Introduction

According to the 2016 Annual Division of Criminal Justice Services Performance Report, for the year 2016, crime in New York State reached its lowest point with 375,962 index crimes reported, the fewest since reporting began in 1975. New York is the safest large state among those in the nation with a population of more than 10 million and had the lowest incarceration rate among those states. Based on such a good news, this project conduct a simple analysis to figure out the following questions,

What is the distribution of crime rates of New York State at county level?

What are the contributing factors to crimes in New York State among 2016?

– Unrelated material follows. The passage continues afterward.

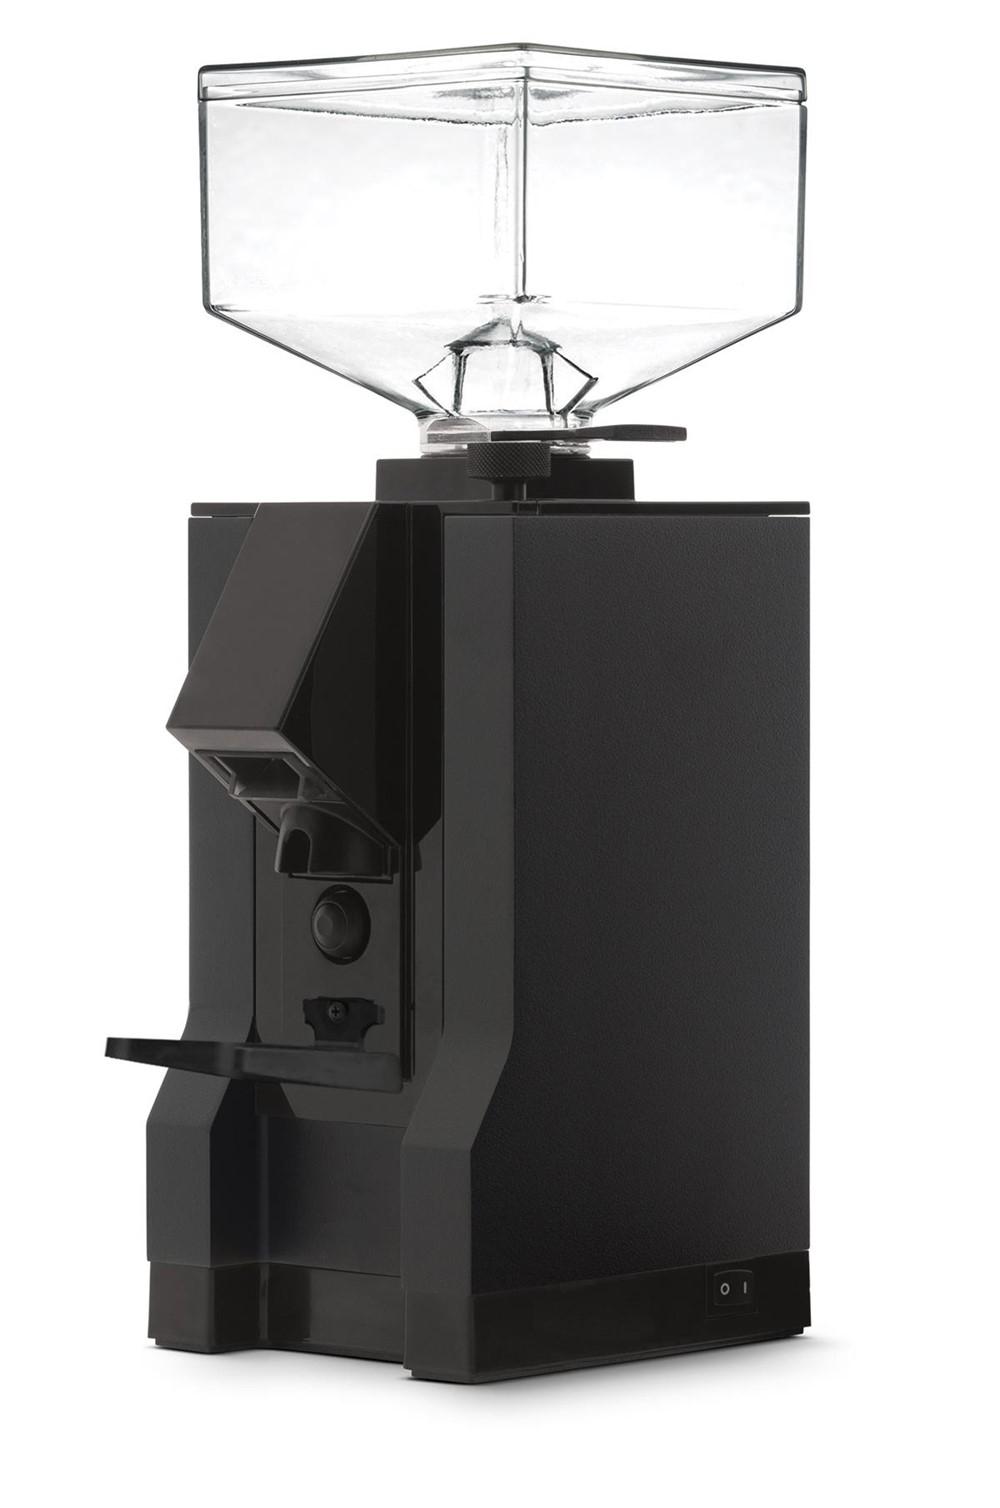 Eureka Manuale 15 BL schwarz matt Espressomühle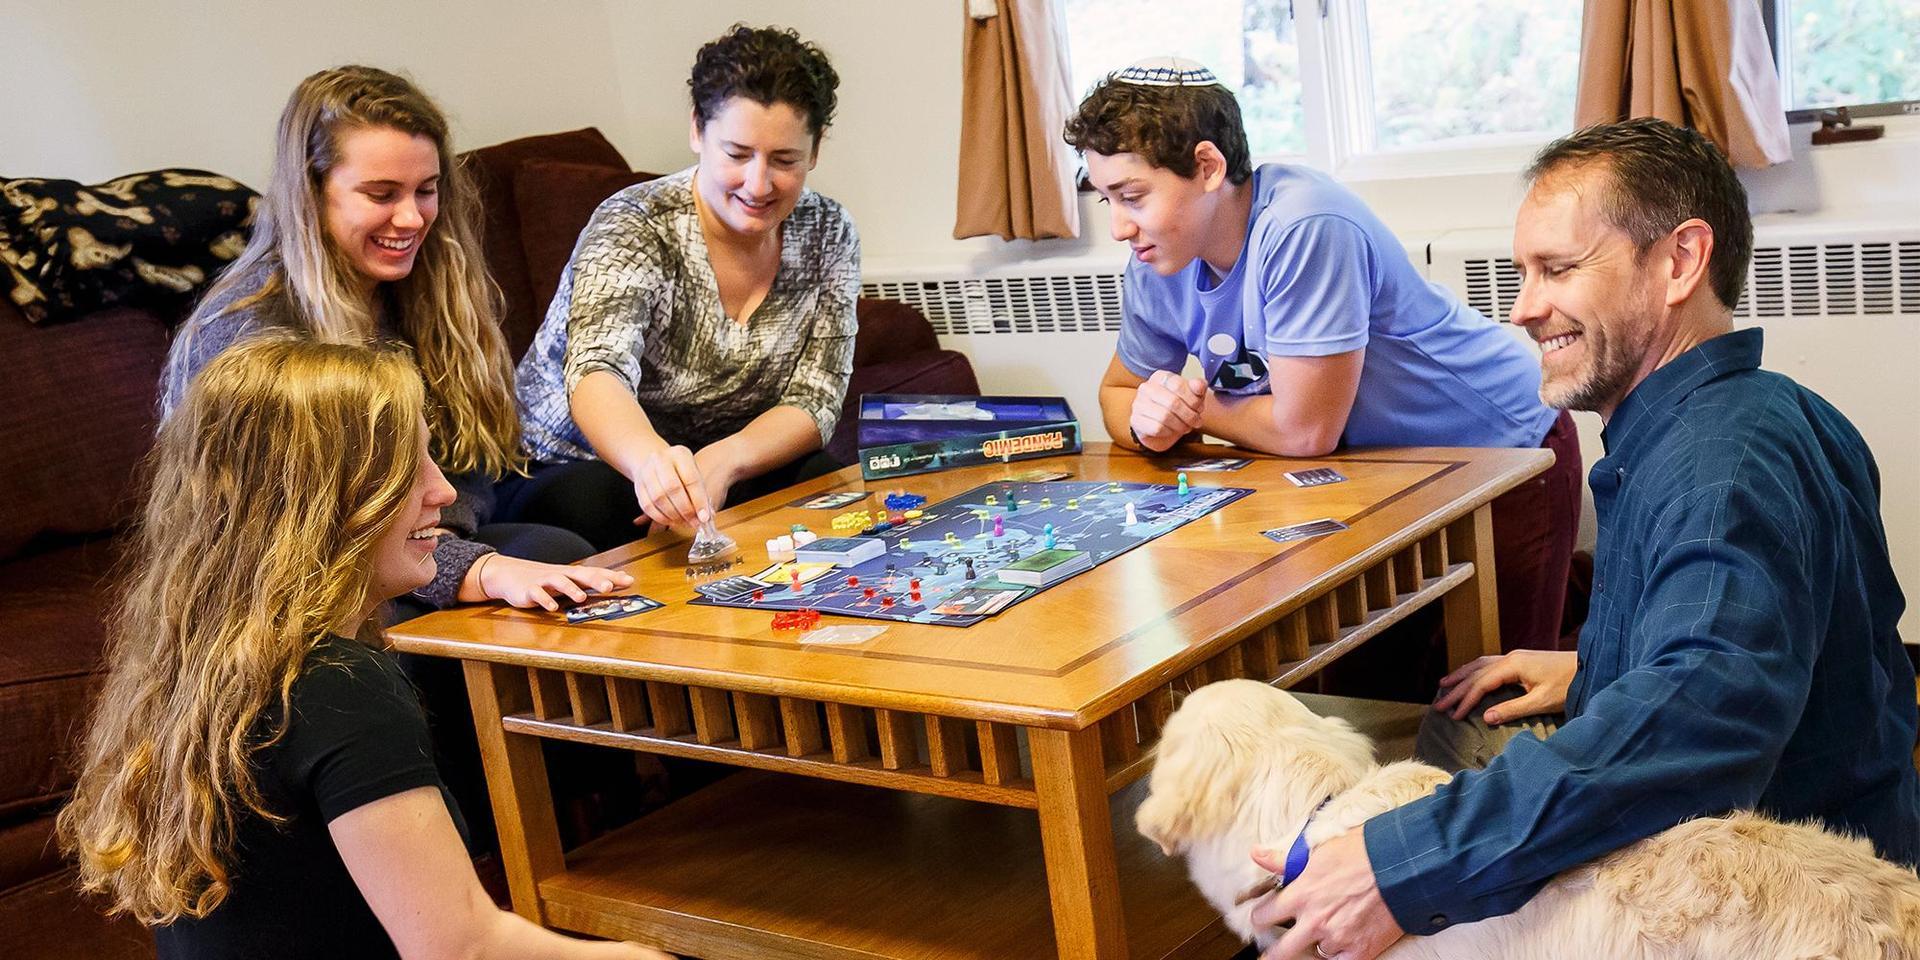 一群学生和成年人在宿舍里玩棋盘游戏.

There are many factors that can influence the crime rates, and economy and education may be the significant factors among them. In terms of economy, this project used both income inequality (Gini index, developed by the Italian statistician and sociologist Corrado Gini and published in his 1912 paper Variability and Mutability) and unemployment rate as independent variables that indicate the economic condition. While for education condition, the proportion of adults without degrees higher than high school is taken as the independent variables. Therefore, the project starts with the following hypothesis,

The crime rates are high in those counties with high population density, such as Bronx, New York and Manhattan.

All of the income inequality (Gini index), education attainment, and unemployment rate have significant contributions to crime rates.

This project provides maps for distributions of crime rates, Gini index, education attainment and unemployment rates in New York State and apply generalized additive models to study the significant contributing factor of crime rates.

Materials and methods

R Packages

Loading required packages:

library(dplyr)
library(sp)
library(maptools)
library(gstat)
library(rgdal)
library(raster)
library(tigris)
library(RColorBrewer)

Data

Data Source:

The UCR reporting system collects information on seven crimes classified as Index offenses which are most commonly used to gauge overall crime volume. These include the violent crimes of murder/non-negligent manslaughter, forcible rape, robbery, and aggravated assault; and the property crimes of burglary, larceny, and motor vehicle theft. Firearm counts are derived from taking the number of violent crimes which involve a firearm. Population data are provided every year by the FBI, based on US Census information.

DownLoad Data:

#Download Spatial Data using raster package.
us=getData('GADM', country='USA', level=2) #Download US Boundaries
ny<-subset(us,NAME_1=='New York')          #Subset New York state
ny<-subset(ny,NAME_2!='Lake Ontario')      #Remove Ontario Lake

#Reading Census in the data folder
CensusData <- read.csv("https://raw.githubusercontent.com/penghangliu/RDataScience_Project/master/data/NYCensus2016.csv",stringsAsFactors = FALSE)
#Download Crime data from New York State Gov
CrimeData <- read.csv("https://data.ny.gov/resource/vi5m-jckw.csv",stringsAsFactors = FALSE)

Methods

Data Processing

In this section, the crime data are subsetted to all crime rates, violent crime rates, firearm crime rates and property crime rates, and filtered into year 2016. Spatial data (shapefile of New York State), census data and crime data are merged into

library(DT)
library(leaflet)
library(widgetframe)
library(ggmap)
library(xtable)
library(mgcv)
library(sf)
library(car)

CrimeData <- filter(CrimeData, year==2016)
CrimeData$county[CrimeData$county=='St Lawrence']<-'Saint Lawrence'

data<-left_join(CrimeData,CensusData,by="county")
data_merge <- geo_join(ny, data, "NAME_2", "county") %>% st_as_sf()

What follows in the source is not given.